Night Bus

I am so unbelievably busy at the moment, mainly because of my impending move (and the fact that the place I’m moving into was left in a barely habitable state), couple that with some nightshifts, and a few other things that are going on, and you have a very tired, busy and generally worn out EMT.

I apologise if I need to email you, phone you or generally do something for/with you at the moment, and haven’t gotten around to doing it.  I will do it in the near future.

However the last nightshift did throw up a few possibly interesting stories – so I won’t need to search for inspiration for the next couple of posts.

Night buses are wonderful things, they allow nightclubbers in London the opportunity to find their way back home after the tube network has closed down for the night.  They also seem to collect people with *ahem* ‘colourful’ personalities.

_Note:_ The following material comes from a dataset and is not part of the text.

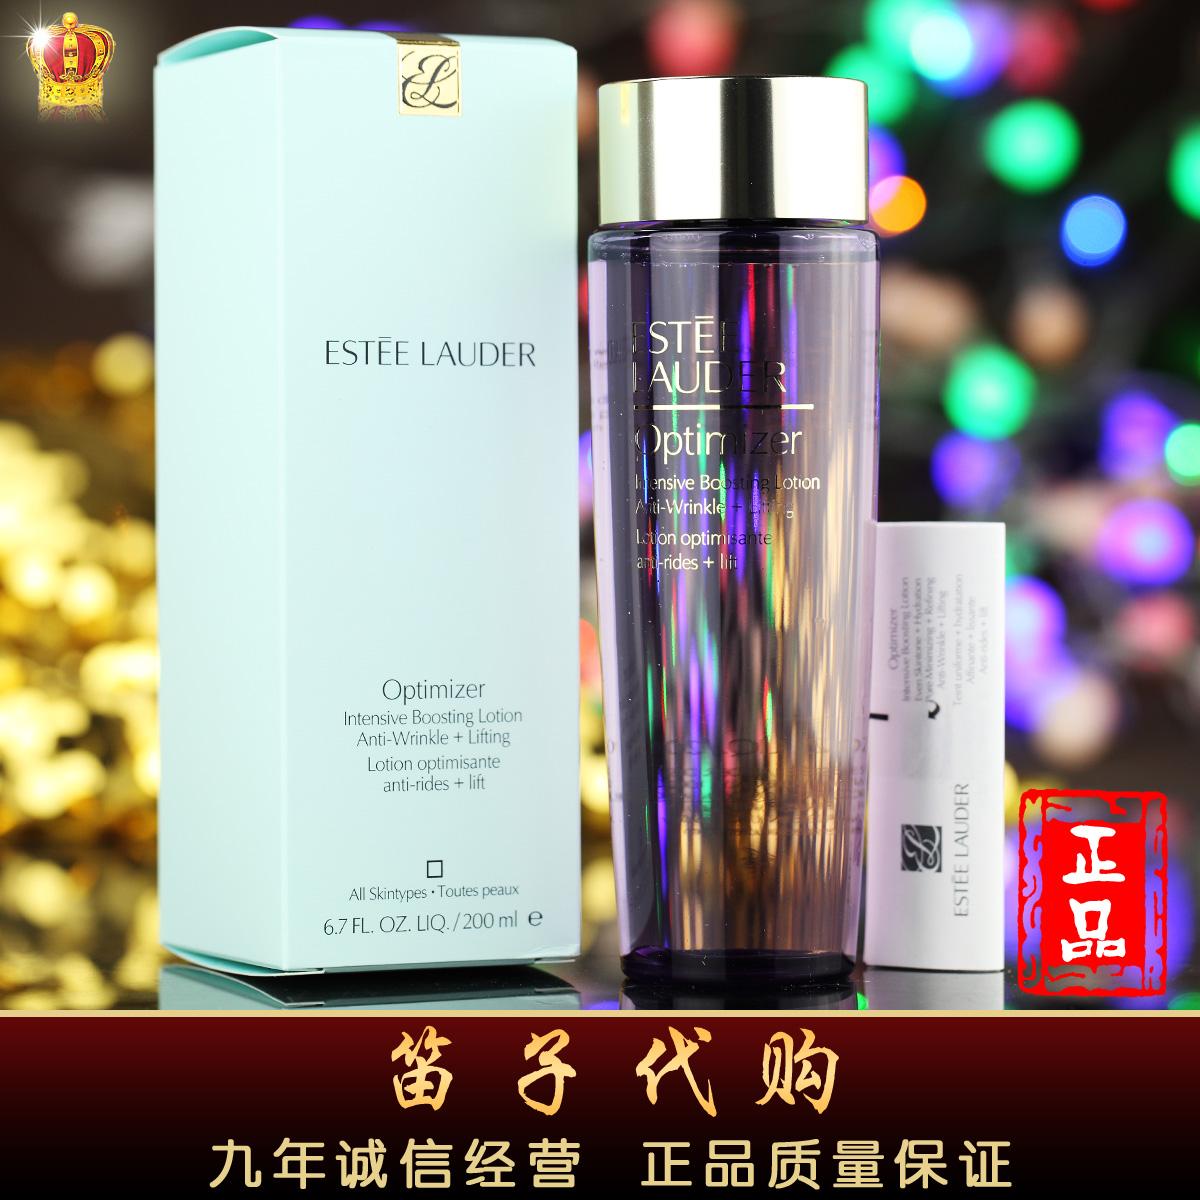 Лосьон/лосьон Estee Lauder 200ML estee lauder женская парфюмированная вода estee lauder sensuous 9tmj010000 30 мл

The only problem is that they tend to rock you to sleep.

Bus drivers aren’t allowed to touch their passengers.

So when a driver reaches the end of his route, and there is someone still asleep on the bus, then the driver can shout, bang on the handrail, and stamp their feet.  But they can’t shake the person awake.

So they call the police, and the ambulance service to wake the person up.  The police in case they are violent, and the ambulance service in case they are ill.

The details are often sent as ‘person unconscious’.  Which makes it a high category call…

Can you see where I come into the situation?

As it is a high category call, myself, or someone like me is often sent along, on blue lights and sirens, to well…

…give someone a shake, and wake them up.

This is how our resources seem to be allocated these days.  Waking people up who have fallen asleep on the bus.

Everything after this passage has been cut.